Solo – Para pelaku koperasi di Indonesia menyampaikan masukan dan aspirasi untuk menyempurnakan draf UU Perkoperasian yang baru pengganti UU Nomor 25/1992 tentang Koperasi yang dianggap sudah tidak relevan lagi dengan kemajuan zaman sekarang ini.
Ketua KSP Kopdit Esthi Manunggal Alexander Daryanto menyampaikan harapan dengan adanya UU yang baru maka koperasi bisa tertata lebih baik lagi. Misalnya saja koperasi papan nama bisa benar-benar ditertibkan.
“Dan bagi koperasi yang benar-benar konsekuen menjalankan prinsip koperasi, bisa lebih eksis lagi dalam melayani kebutuhan masyarakat,” kata Alexander, pada acara Pengumpulan Aspirasi dan Sosialisasi Rancangan Undang-Undang (RUU) Perkoperasian, di Surakarta, Jawa Tengah, Rabu (31/8).
Menurut Alexander, yang harus diperkuat, selain terkait kelembagaan koperasi, juga menyangkut investasi. Dimana KSP Kopdit Esthi Manunggal yang berdiri pada 2001 dan beranggotakan sekitar 3.500 orang, memiliki permodalan 80 persen dari luar (anggota koperasi), bukan dari lembaganya.
“Saya berharap UU Perkoperasian yang baru mampu mengatur modal dari lembaga, sehingga koperasi semakin kuat. Jadi, kalau ada permasalahan modal, bisa mengatasi dengan baik,” kata Alexander.
Dalam arti, ia berharap besaran penyertaan modal tersebut diatur secara jelas dalam UU. “Saya meyakini, dengan adanya payung hukum yang baru ini, langkah koperasi semakin mantap dalam perekonomian nasional,” kata Alexander.
Sementara Ketua Koperasi Trangsan Manunggal Jaya Suparji menjelaskan koperasi yang dipimpinnya berdiri pada 2007 di Desa Trangsan, Sukaharjo, Jawa Tengah, dan bergerak di sektor produksi dan pemasaran produk furnitur (rotan) orientasi ekspor sangat memerlukan payung hukum yang relevan untuk mendukung bisnis koperasinya.
Dia berharap, dengan segera lahirnya UU Perkoperasian yang baru, maka akan mempermudah langkah-langkah koperasi produksi untuk melakukan ekspansi usaha. “Agar koperasi dapat kesempatan lebih terkait pembiayaan. Terlebih lagi, produk furnitur kami kami sudah ekspor ke AS, Eropa, Australia, Korsel, Jepang, hingga Uni Emirat Arab,” ucap Suparji.
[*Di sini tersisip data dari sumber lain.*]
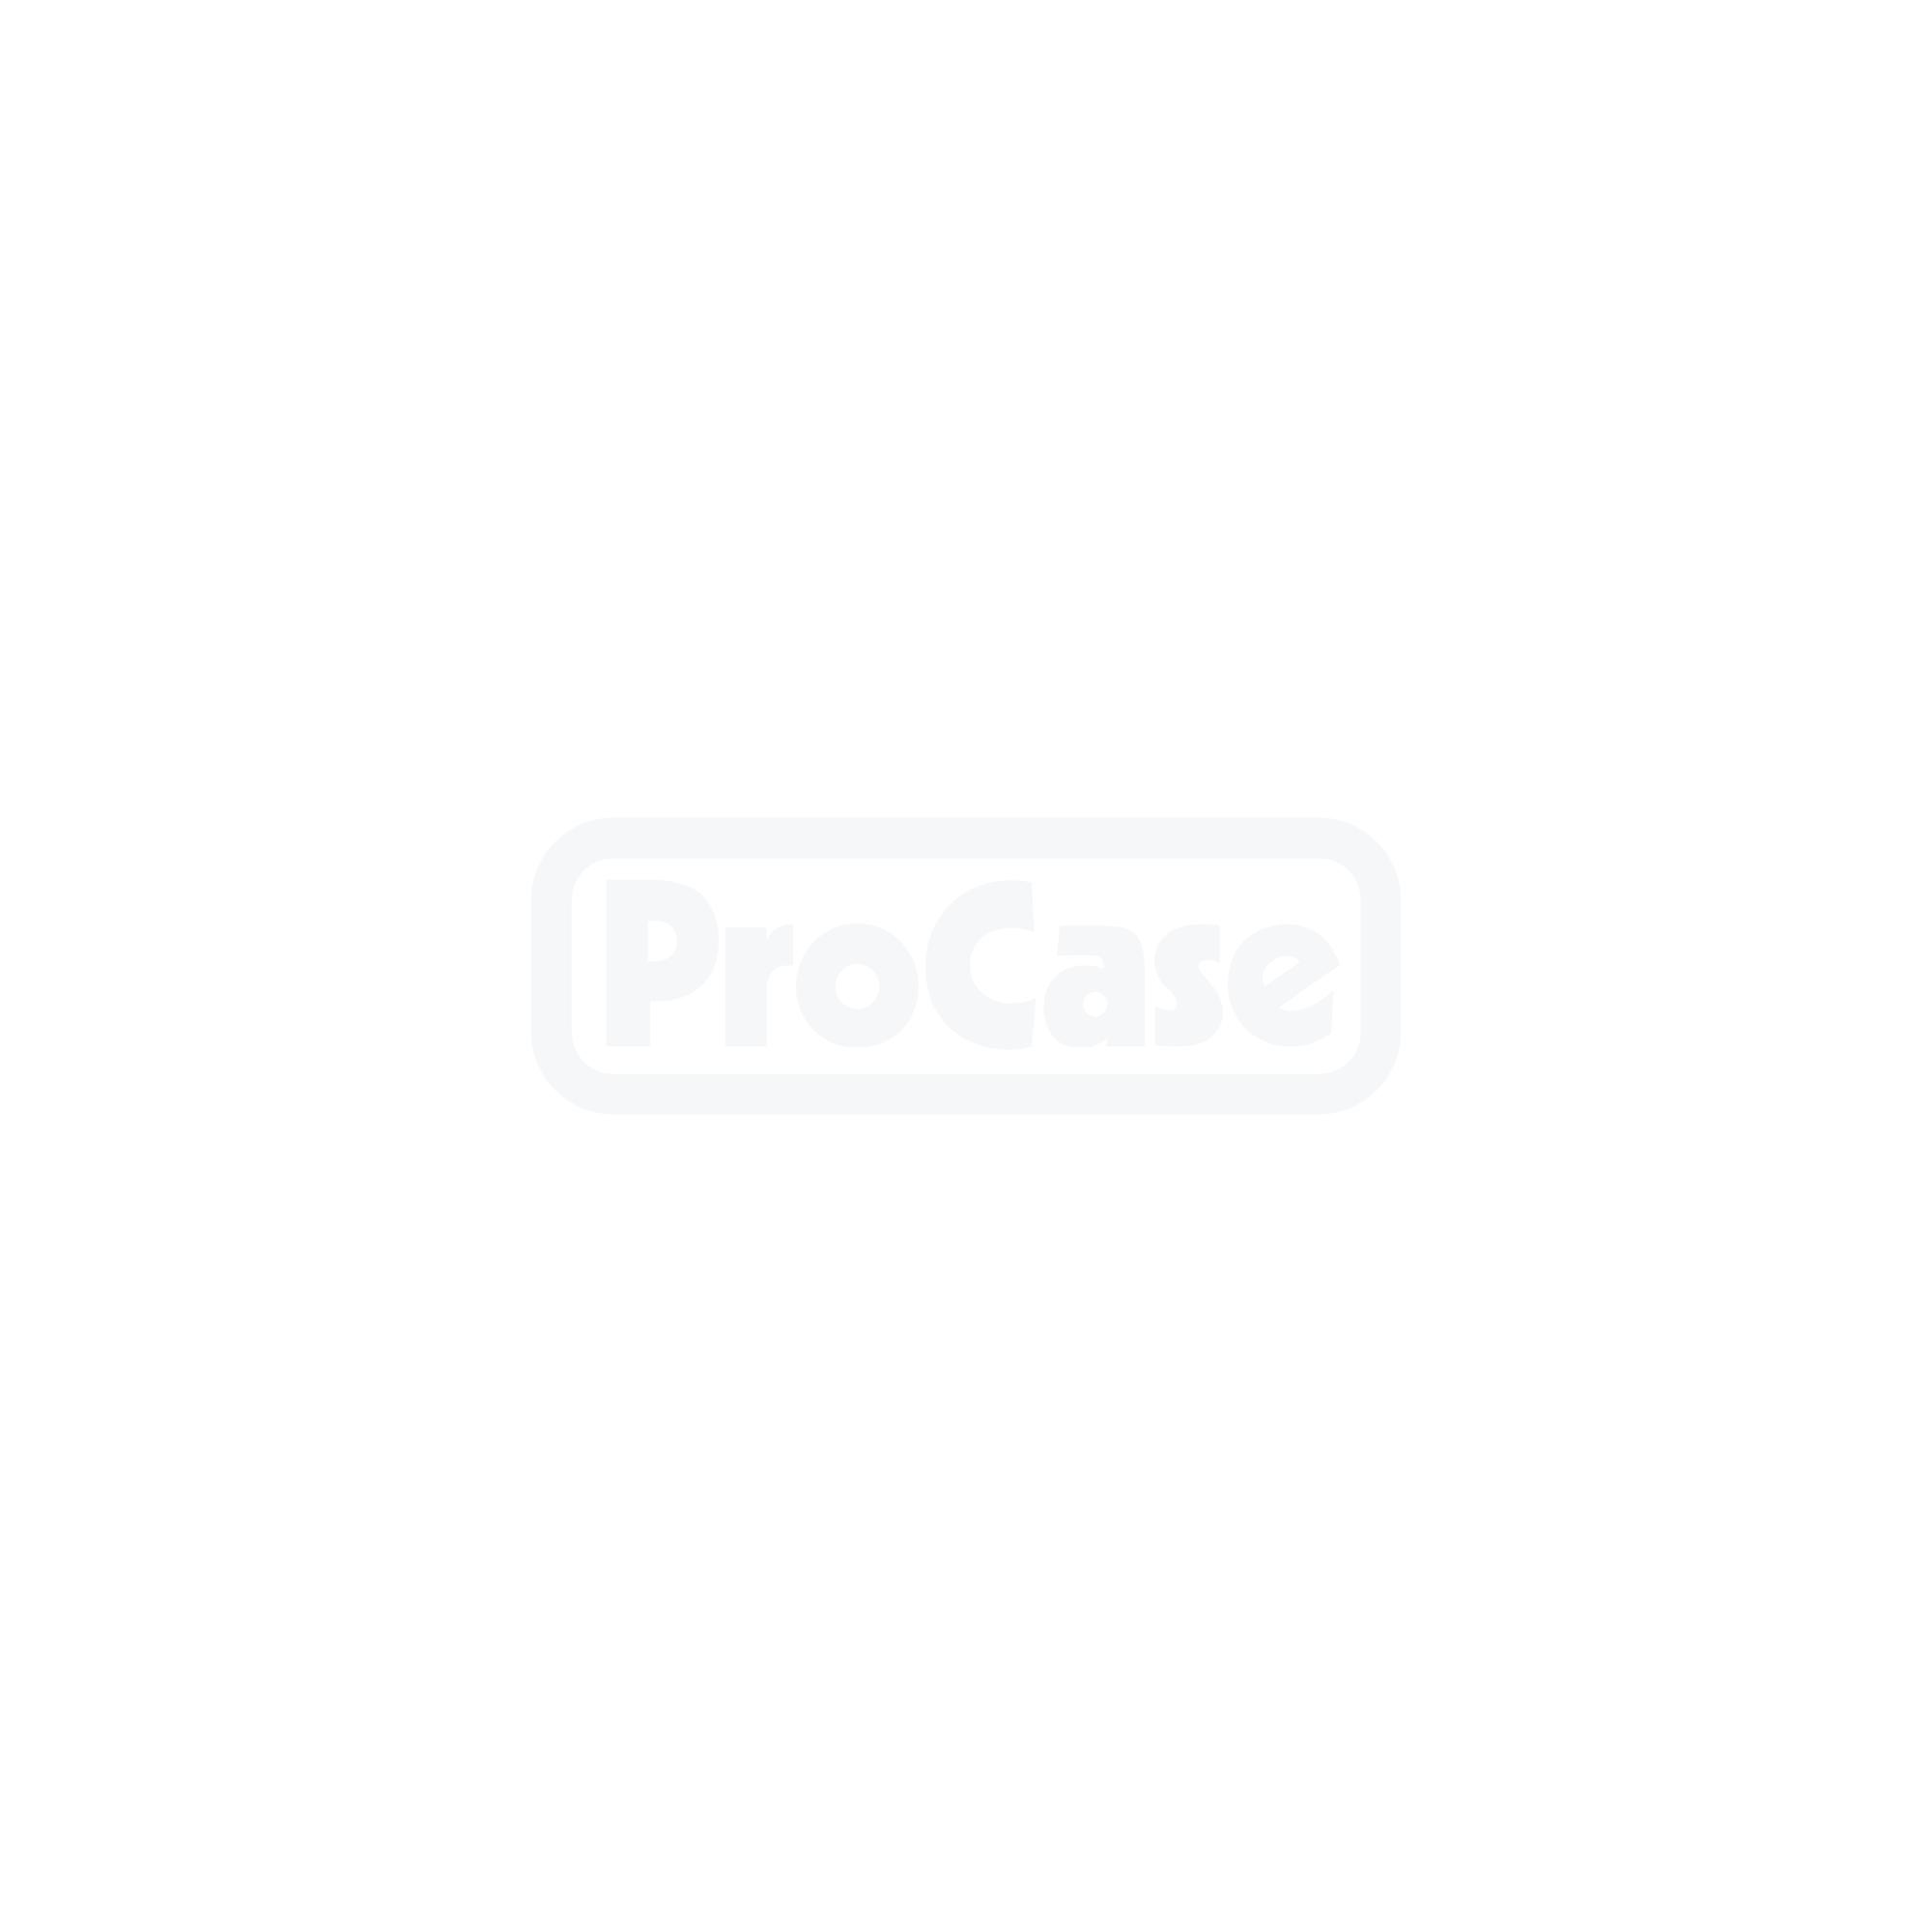 QSD-Rack 18HE 800 mm tief

Intinya, Suparji berharap ada kemudahan pembiayaan bagi koperasi sektor riil. “Memang, sudah ada lembaga pembiayaan khusus koperasi, yakni LPDB-KUMKM. Namun, saya merasa sulit mengaksesnya,” kata Suparji.
Suparji menegaskan bahwa koperasi sektor riil lebih memerlukan pembiayaan ringan untuk operasionalnya. “Harusnya, LPDB-KUMKM datang dan melihat ke lapangan. Sehingga, bisa melihat potensi yang dimiliki koperasi sektor riil,” kata Suparji.
Padahal, menurut Suparji, koperasi sektor riil harus didukung pembiayaan yang kuat dan murah. “Karena, memang butuh untuk investasi peralatan, produksi, dan lain-lain,” ungkap Suparji.
Dalam kesempatan yang sama, Ketua I Bidang Operasional Koperasi Jasa Tenaga Kerja Bongkar Muat (TKBM) Pelabuhan Tanjung Mas Semarang Ronal Nainggolan meminta aturan baru itu agar mempertahankan hal yang sudah baik. Bahkan, lebih diperkuat lagi.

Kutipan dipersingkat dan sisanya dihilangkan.